Starz’s adaptation of Howards End might be aiming for the fresh and new, but it’s got the specter of the past still hanging over it. Most Americans might best know E.M Forster’s novel through the famous Merchant Ivory adaptation of it. That 1992 version starred Emma Thompson, Helena Bonham-Carter, and Anthony Hopkins — and Thompson won the Academy Award for Best Actress for her take on Margaret Schlegel. Inevitably, I had to ask if Atwell felt any trepidation taking the role on.

“I think if the part’s good then they offer each generation a chance to revisit them,” she said. “And Emma’s a friend of mine and I emailed her out and said, out of respect, ‘I’ll watch it again and you’re so extraordinary and I love you and you’re brilliant and I admire you,’ and she emailed me back exactly what I imagined she would respond: ‘God, don’t watch mine! No, no, no! You are she! She is you! If you’re going to do any research, read some psychics book because Margaret Schlegel is so smart that her mind is constantly going. So do lots of brain exercises and that’s going to be far better and useful to you than watching what I’ve done.'”

American fans probably know Atwell best for a certain role in the Marvel Cinematic Universe. Atwell was cast as Steve Rogers’s love interest, Peggy Carter, in Captain America: The First Avenger, and the character was so popular she got her own spin-off television series on ABC. When I asked Atwell what the fan response meant to her, she very seriously discussed how much a specific online Peggy Carter fan group meant to her.

Photo: Everett Collection

“There were girls for whom Peggy had been like a symbol of strength in adversity, especially as a woman in a male-dominated environment, and had to overcome bullying and all that kind of stuff,” Atwell said. “Girls who were not really relating to people in their own schoolwere able to go online and through their shared love of Peggy, meet new friends and develop social groups.”

“And there was a girl that I’d met at a convention who was the center of this friendship group. She was English, but there were people from Canada and all over the States, and they got together and they had this amazing friendship group. I then woke up one morning to find out that she was the first named [victim of the] terrorist attack in Manchester, the Ariana Grande concert,” she said.

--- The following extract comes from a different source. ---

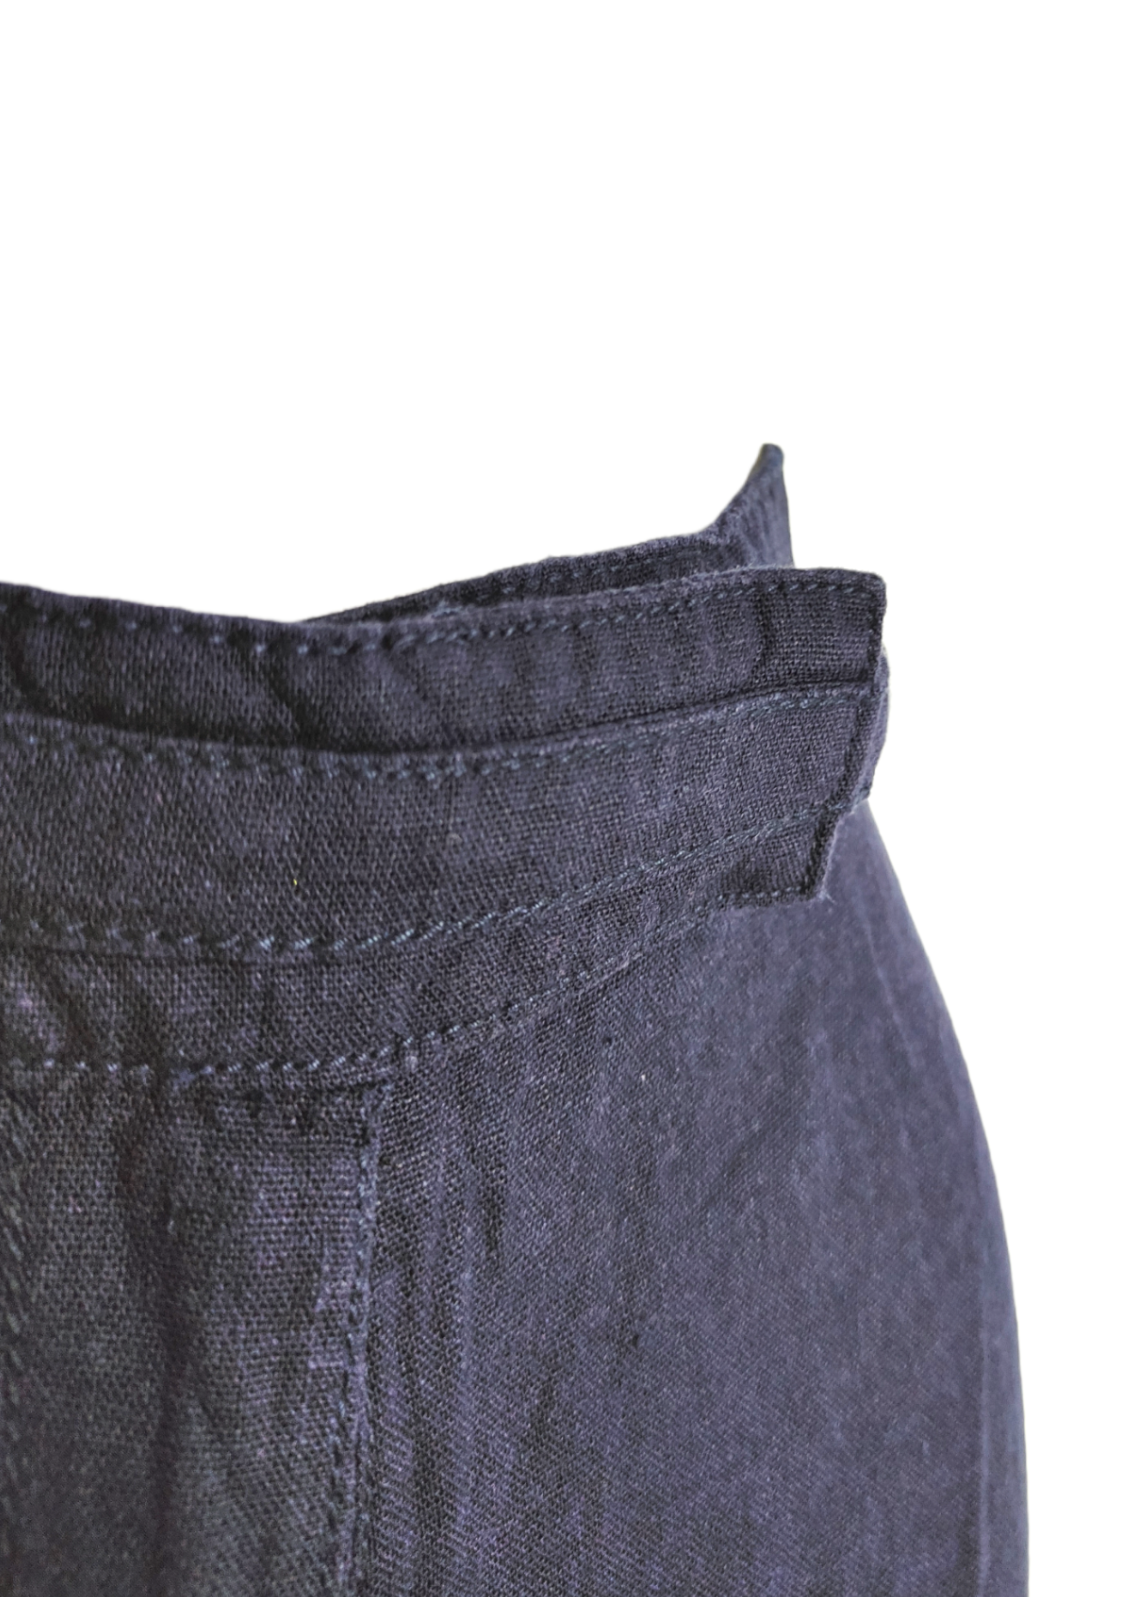 Γυναικεία Παντελόνα MANA σε Σκούρο Μπλε Χρώμα (Large)

The fan Atwell is describing is Georgina Callendar. Someone sent Atwell a photo of the two of them together at a convention after the terrorist attack and the actress posted it online in tribute. Atwell explained to me that she was moved to discover how the friends Callendar made all the over the world via the Peggy Carter fan group gathered together at her funeral: “They all got together for her funeral and they sent me photographs of them all together.”

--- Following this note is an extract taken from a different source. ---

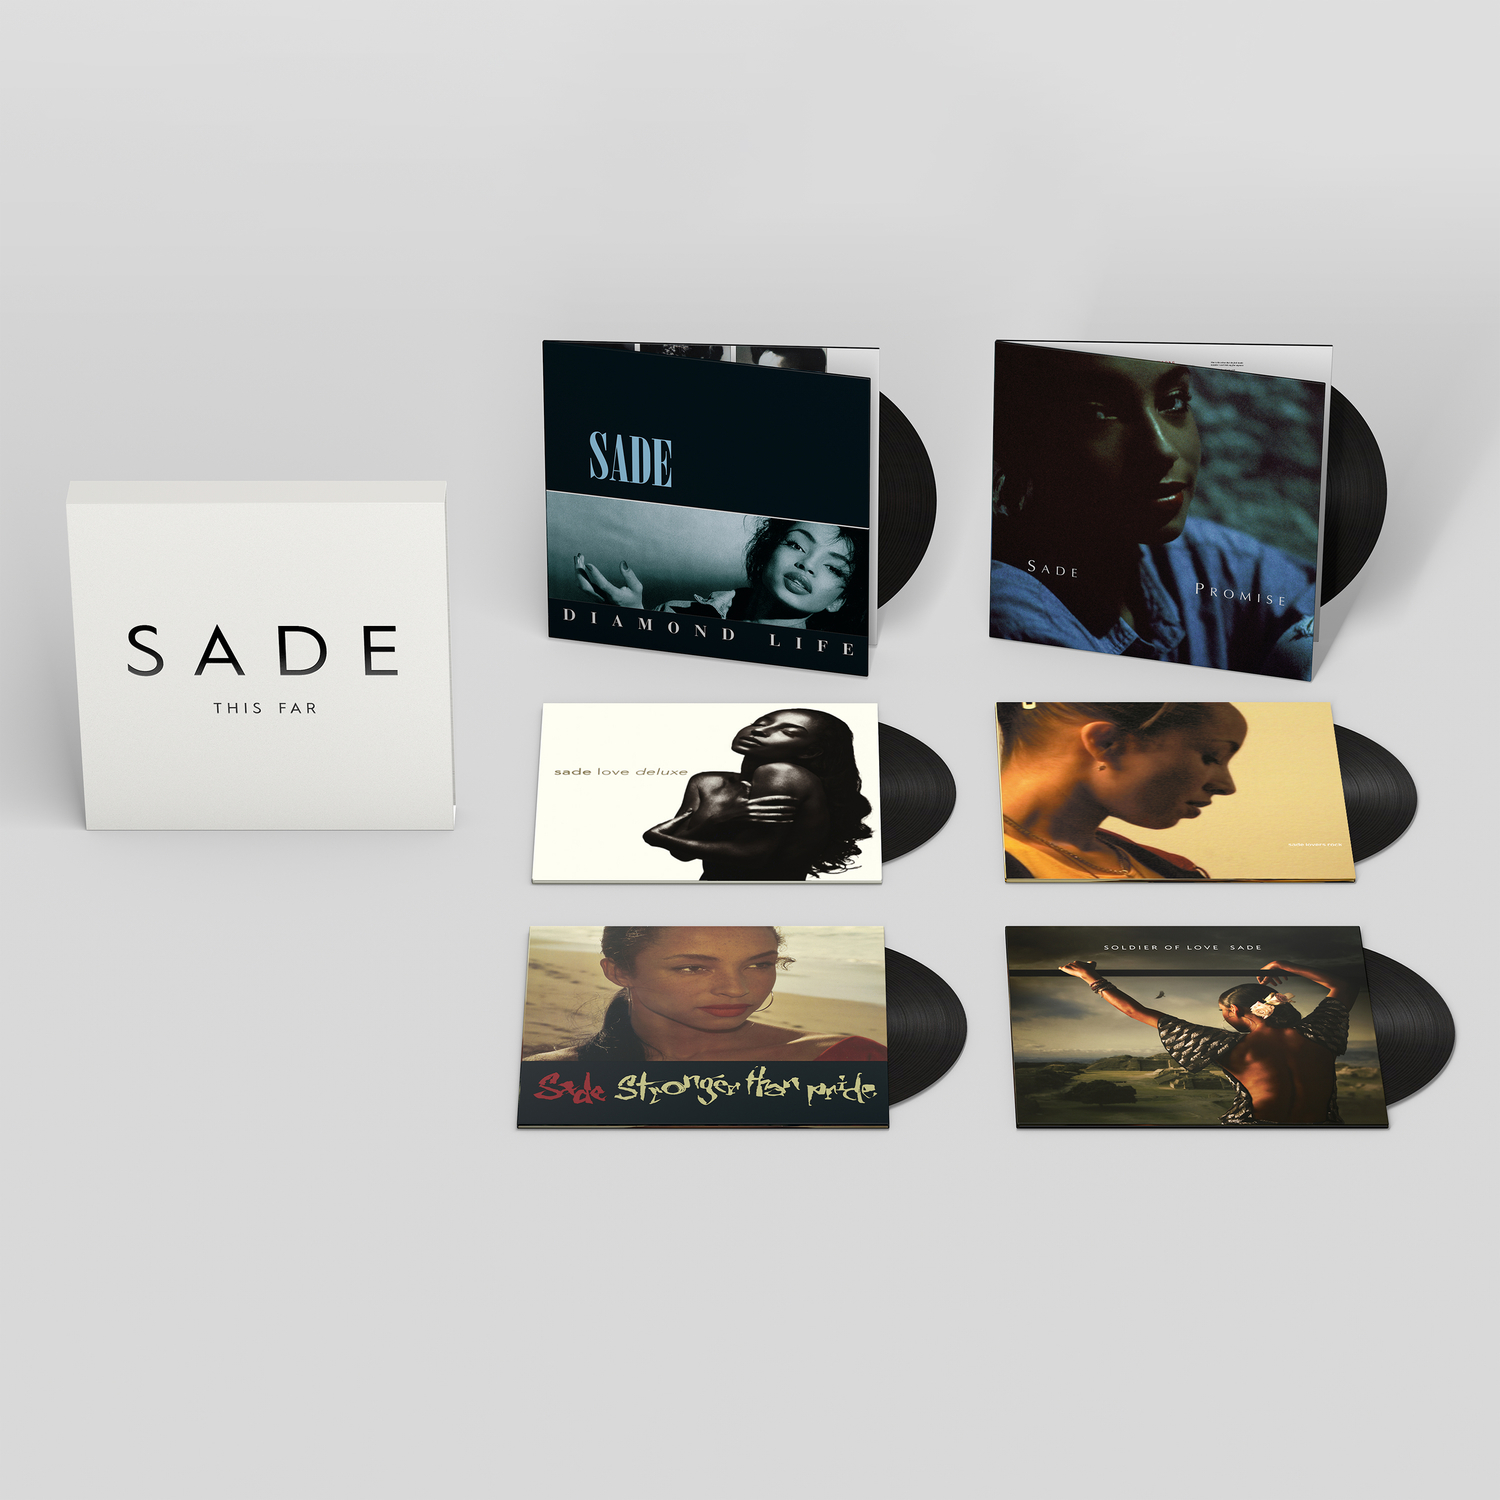 Sade - This Far - 6 Lp 180 Gr. Numbered Ltd.Ed. Boxset 889854561215 | eBay

Atwell said, “I feel I am a custodian of Peggy Carter. You project onto these characters what you want. It’s nothing to do with me. But to just see a group of girls who were able to come together and develop a strong friendship network, and then experience such devastation and such horror, and yet because of their friendship group be able to comfort each other and comfort Georgina’s family, it’s really moving to me. That for me is better than the Peggy Carter social status… [It’s] that tagline of, ‘I know my value, anyone else’s opinion doesn’t matter.’ She can be a symbol of strength to women. Also she likes women, she’s a friend to women.”

When I asked Atwell if there were any other “canonical” parts she would like to tackle, she listed Thérèse Raquin, Hedda Gabler, and one surprising Shakespearean villain.

“I would love to play Iago. I think it makes sense that he could be a woman, for sure. He says at the beginning, ‘And by my troth, I’m just as good as any man,'” she said. “Well, every woman I know has said that: I’m just as good, as capable as any man for this.”

Howards End debuts on Starz this Sunday, April 8.